The Reagan Court has been a source of great expectation for conservatives. If only a few more superannuated justices would retire (or die), then we could have the court’s unchecked authority in our own hands. A favorite target of pious hopes and voodoo dolls is the apparently senile Thurgood Marshall. An example of tokenism at its worst, Marshall has consistently opposed responsible self-government in his eagerness to construct an American elite class of feminists and minority politicians. What little he understands of the Constitution only arouses his ire. Early in May he publicly derided the Constitution’s bicentennial and heaped scorn upon the bigoted framers who sacrificed “moral principles for self-interest.”
Marshall is ingenuous enough to admit that the Founders would be appalled by his presence on the court. They would, but not nearly so much because of his color as for his manifest incompetence and the resentment he has displayed against their handiwork.

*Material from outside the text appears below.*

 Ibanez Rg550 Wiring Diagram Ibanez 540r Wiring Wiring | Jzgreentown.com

If we were to daydream, what would happen if a plague struck all the “liberal” justices? Exactly nothing. If we had any suspicion that Rehnquist, O’Connor, and Scalia would exercise judicial restraint and respect the Constitutional (and common law) protection of individual liberties, the recent decision against the Rotary should clear the air. The court unanimously upheld the right of California to compel local Rotaries to admit women. Every time the court takes a “states rights” position, it is inevitably to support a fashionable cause. Sure, it was a violation of civil liberties (like the right of association), but civil rights are small potatoes when the court sets out to decree political morality.
The justices forget that they are neither philosophers nor elected representatives; they are only lawyers paid to interpret the legal traditions of the U.S. Their personal ethical views are of no interest or relevance for the conduct of their office. But most judges seem possessed by a mania both to philosophize and to legislate.

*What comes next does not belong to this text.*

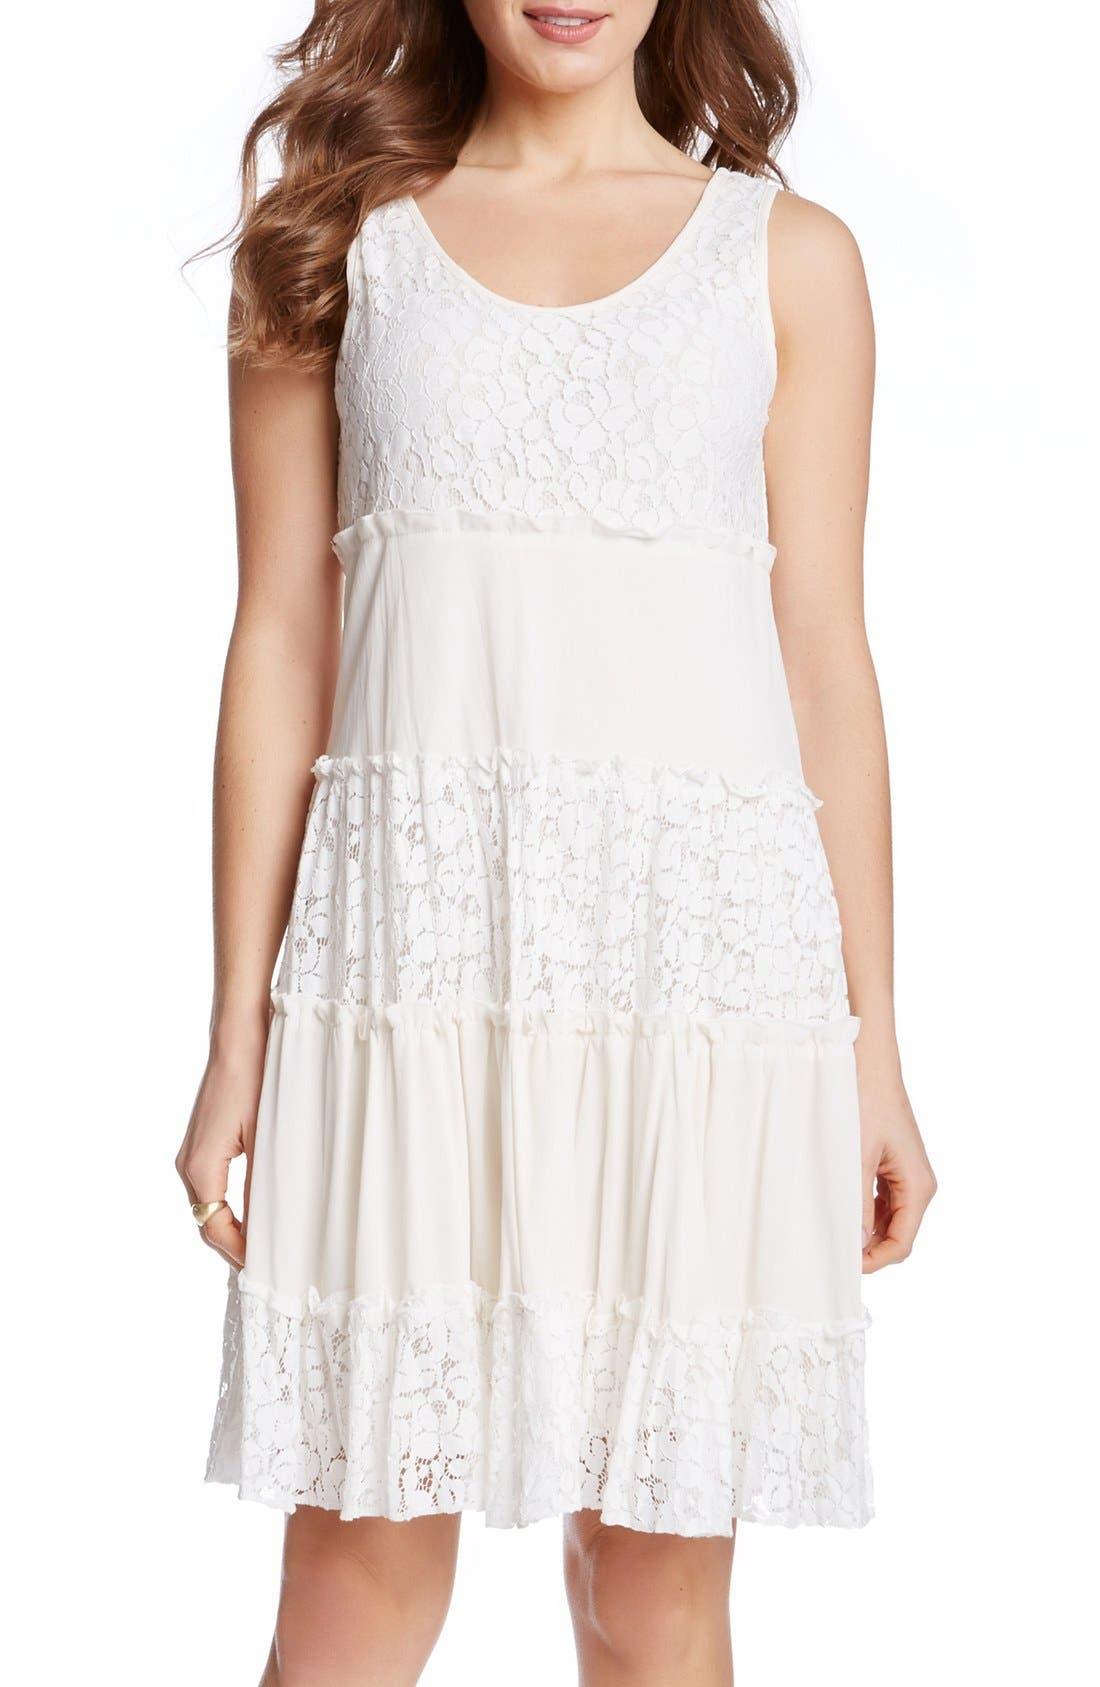 Alternate Image 1 Selected - Karen Kane 'Tara' Tiered Lace A-Line Dress

At issue is the court’s exercise of judicial review. Of the Founding Fathers, Hamilton thought the Supreme Court should be able to nullify only such laws as unquestionably violated the Constitution. Madison and Jefferson were much more cautious. Andrew Jackson only stated the obvious in declaring that “the opinion of the Judges has no more authority over Congress than the opinion of Congress has over the Judges.”
Roger Taney, Jackson’s Chief Justice who shared the President’s views on the Constitution, has gone down in history as a great villain, because he refused to legislate morality from the bench. His decision on the case of runaway slave Dred Scott may have served to legitimize an immoral institution; it was, however, the only decision a responsible and law-abiding court could have handed down. As Lincoln argued in his First Inaugural Address, “If the policy of the government upon vital questions affecting the whole people is to be irrevocably fixed by the decisions of the Supreme Court . . . the people will have ceased to be their own rulers.”
It is up to Congress and the state legislatures to amend the Constitution; it is not up to the courts. Whether the judges are liberals or conservatives, it’s all the same. The courts’ overwhelming power gives as much reason for anxiety as a beautiful, vivacious wife: You would not entirely trust even your best friend or the bishop if they began to show an interest. Why is it better to trust, say, Paul Simon or Tim Wirth over Thurgood Marshall? Two reasons; first, that is the way the system was designed to work; second—and really more to the point—we are free to rid ourselves of the rascals on Capitol Hill whenever the electorate goes through one of its temporary fits of mental clarity, while nothing, not even brain death (in the cases of William O. Douglas and Thurgood Marshall), can halt the mischief of the Supreme Court.